L’humeur de Probst
C’est Charles Pasqua qui, dans les années 80, avait imprudemment déclaré qu’il fallait envoyer François Mitterrand devant la Haute Cour de justice. C’est l’époque où Bruno Tellenne, le frère pas franchement gauchiste de Karl Zero, lui écrivait ses discours. Charlie avait dû s’excuser auprès de celui qui était le chef de l’État. Plus tard, il gagnera l’estime de Mitterrand qui le qualifiait de « vrai républicain ». Cette semaine, c’est Pasqua qui comparaît devant la Cour de justice de la République. Est-ce que Claude Guéant, son ancien bras droit place Beauvau en 1993 et 1994 qui doit être entendu, va se porter à son secours ? Une certitude, Charlie va compter ses amis.

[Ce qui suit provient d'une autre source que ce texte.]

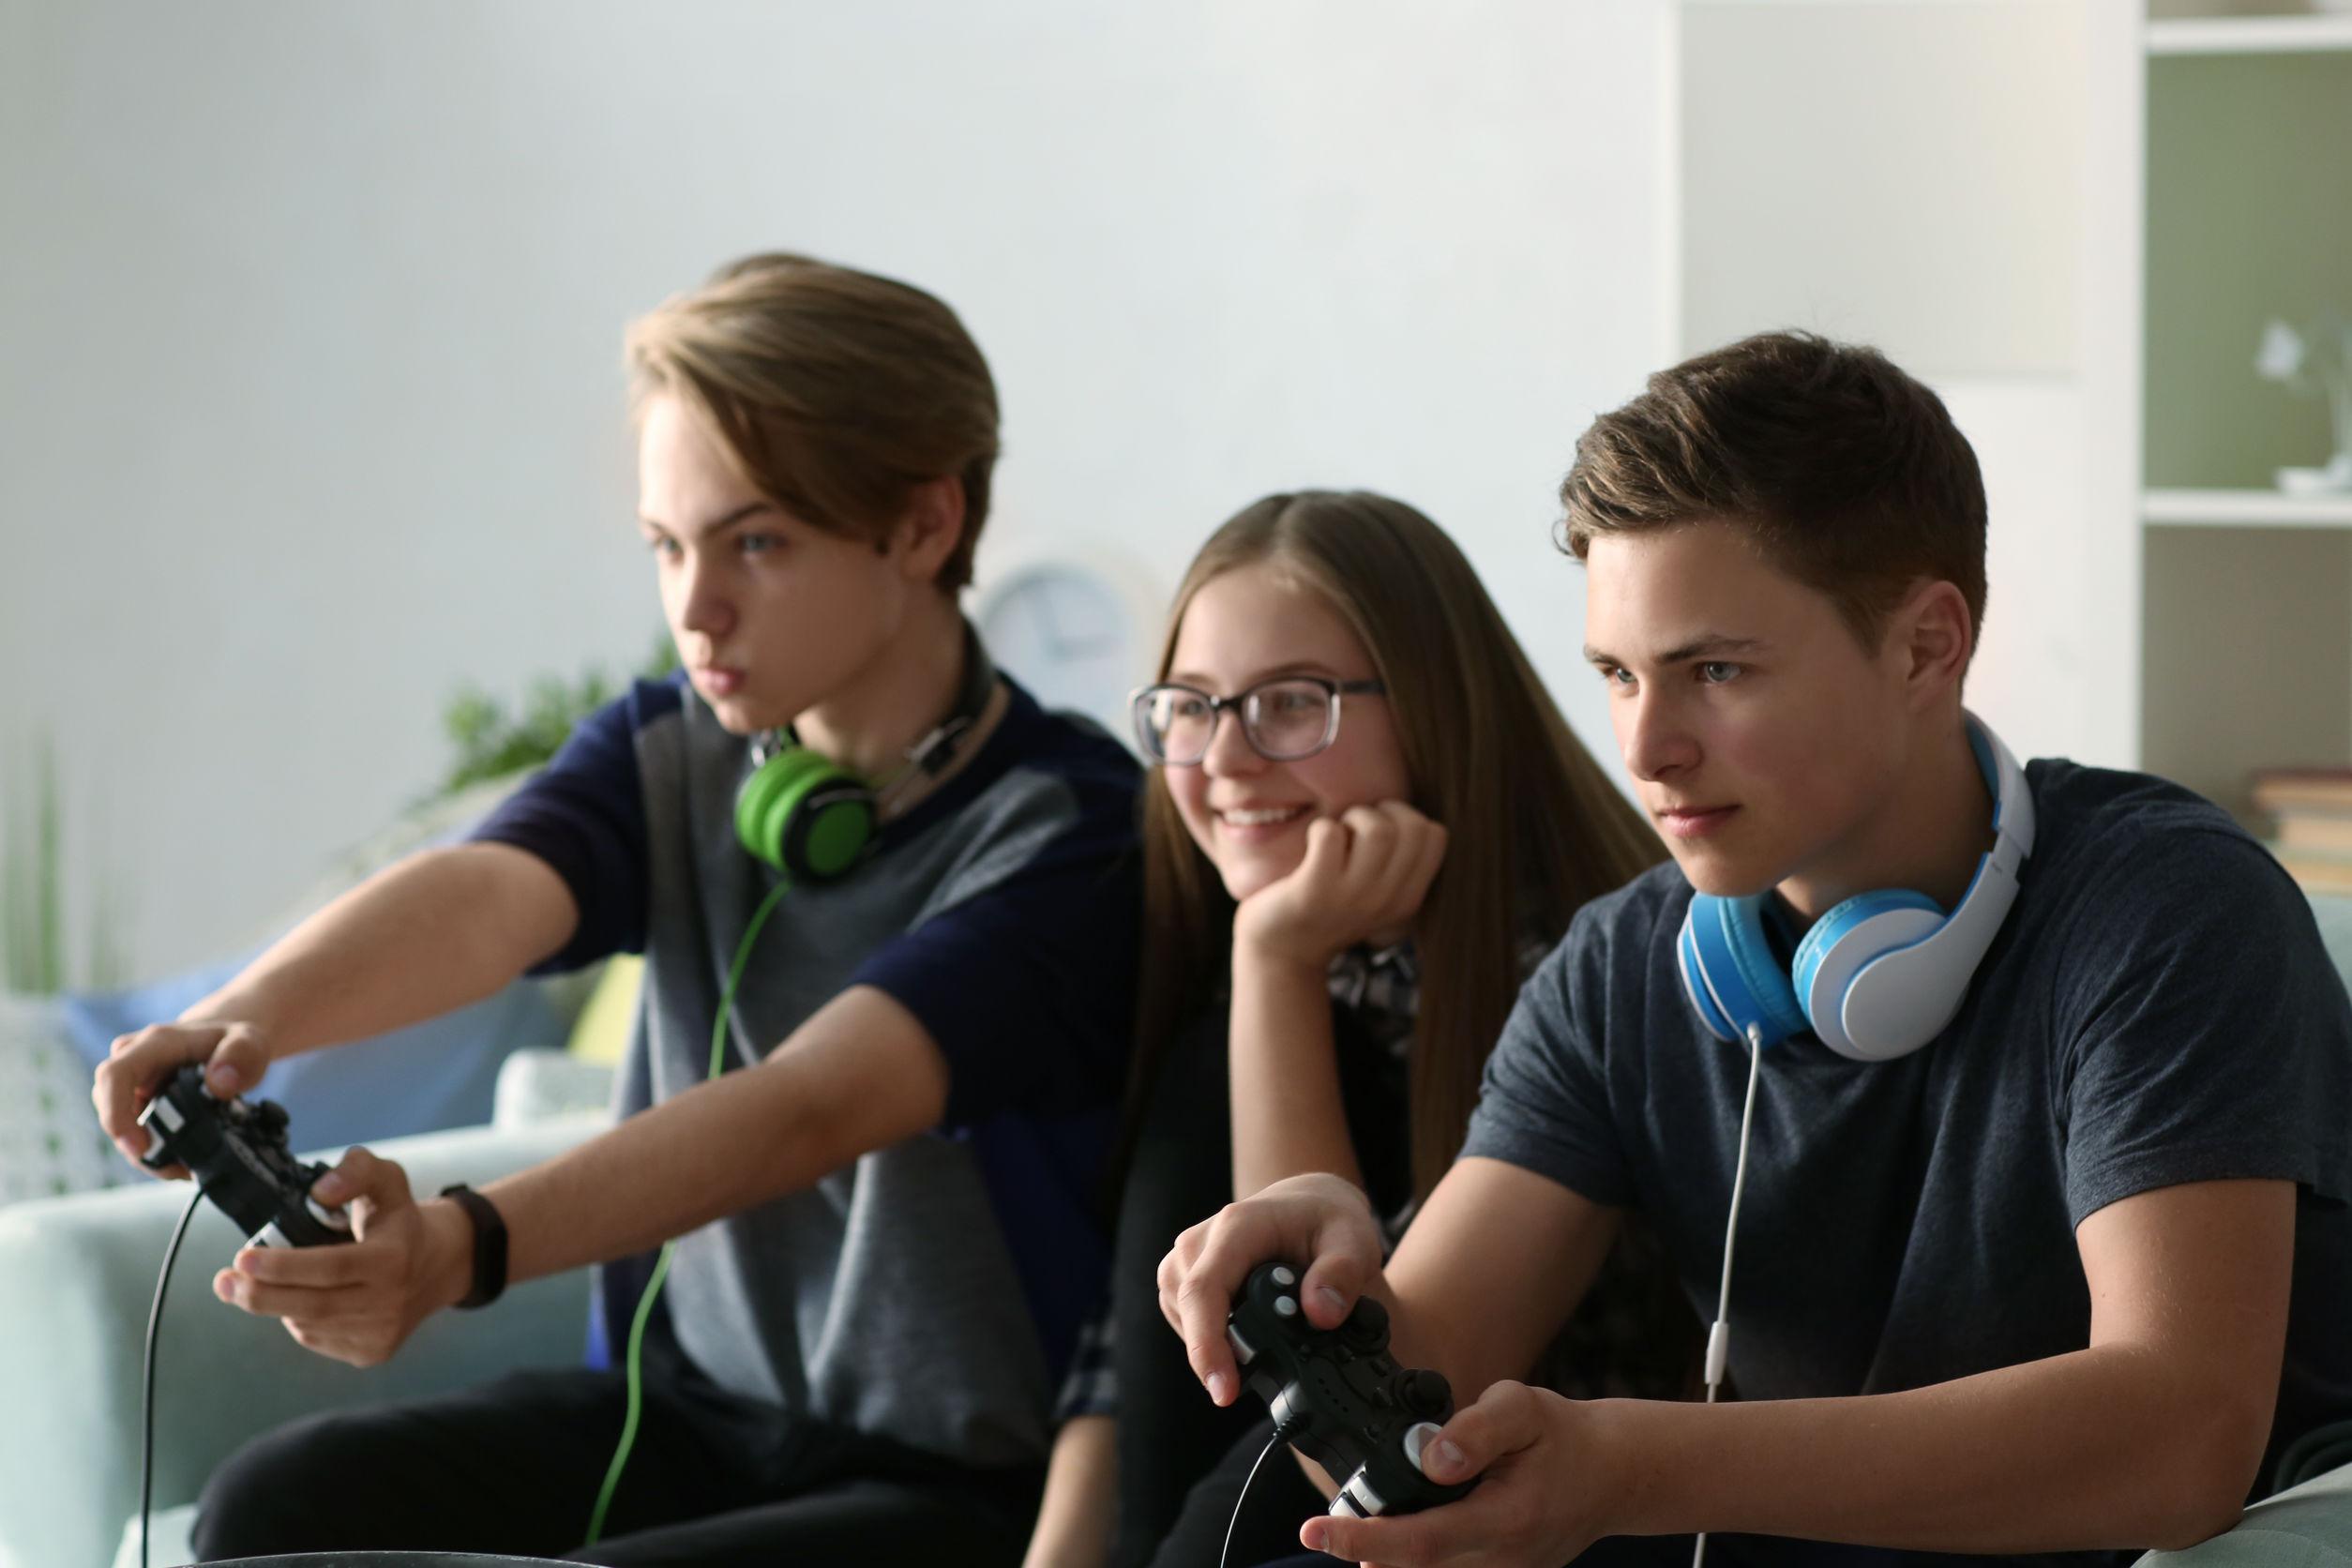 adolescentes jugando consola

Lorsque j’ai vu Charlie communier lors de la messe d’enterrement de Philippe Séguin sous le regard impassible de Chirac, j’ai eu un petit pincement au coeur. Et la semaine dernière dans Bakchich, je découvre que le grand Jacques et sa fille Claude ne le saluent pas lorsqu’ils le croisent à la brasserie Lipp un dimanche à déjeuner. Cette scène m’a rappelé un combat de rhinocéros auquel j’ai assisté au Kenya. Le choc de leurs cornes faisait un bruit mat, déchirant. Ils se sont aimés, ils se haïront.
Des brouilles, il y en a toujours eu entre Pasqua et Chirac. Déjà, Bernadette n’a jamais aimé le vendeur de pastis que Charles était resté à ses yeux. C’est lui, pensait-elle, qui ramenait les gonzesses à son Jacques. Après le putsch raté sur le RPR que Charlie tente avec Séguin en 1991, il y a eu un petit froid. Pasqua aurait alors dû se faire élire président du Sénat, il connaîtrait aujourd’hui une vieillesse heureuse.

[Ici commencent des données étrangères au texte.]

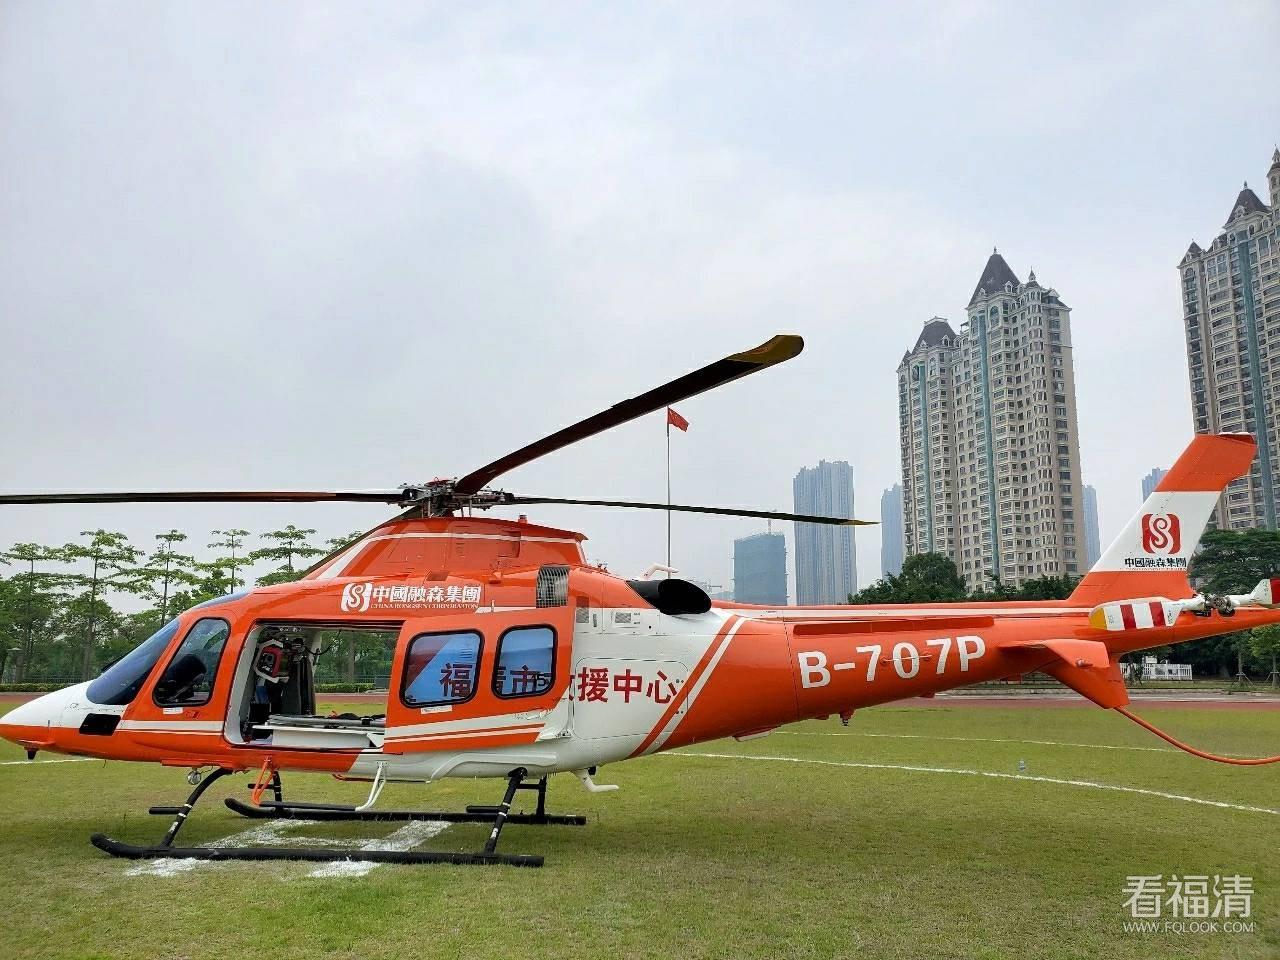 福清应急救援直升机价值5200万人民币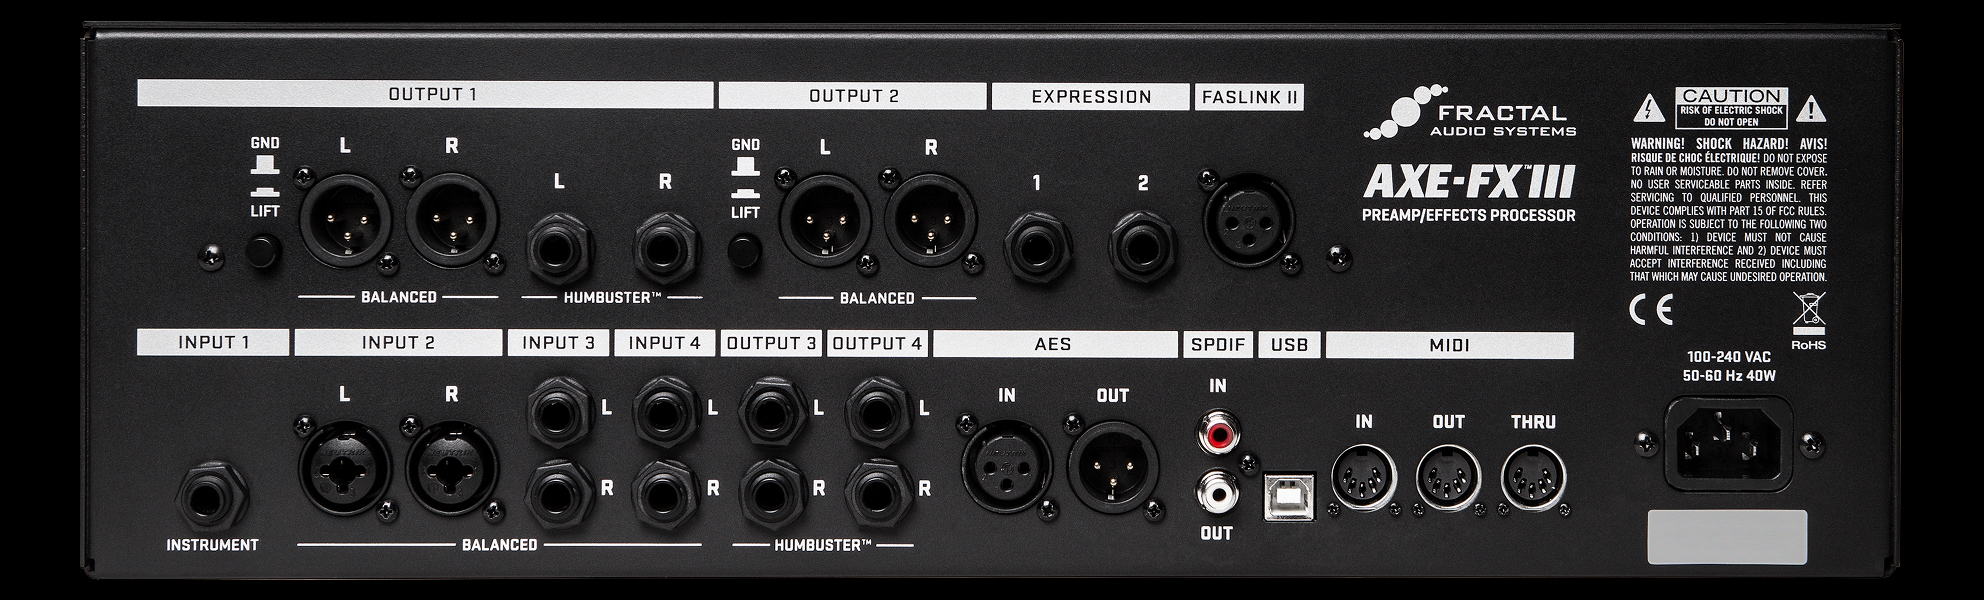 G66 eu - Axe-Fx III

La vraie sortie de route, c’est quand Pasqua prend le parti de Balladur en 1995. Encore que trois mois après son élection à l’Élysée, le grand Jacques décore Charles de la Légion d’honneur et nomme Marchiani préfet du Var. Lequel Marchiani veillait au grain quand Chirac s’échappait du fort de Brégançon, l’été, pour rejoindre Claudia Cardinale. Autant de bons souvenirs… Enfin, les velléités de Pasqua de se présenter en 2002 ont fini par exaspérer Chirac. Charlie a toujours caressé, mais jamais assumé, un destin national. Ses proches y ont toujours cru davantage que lui-même. Et si Pasqua était un faux dur ?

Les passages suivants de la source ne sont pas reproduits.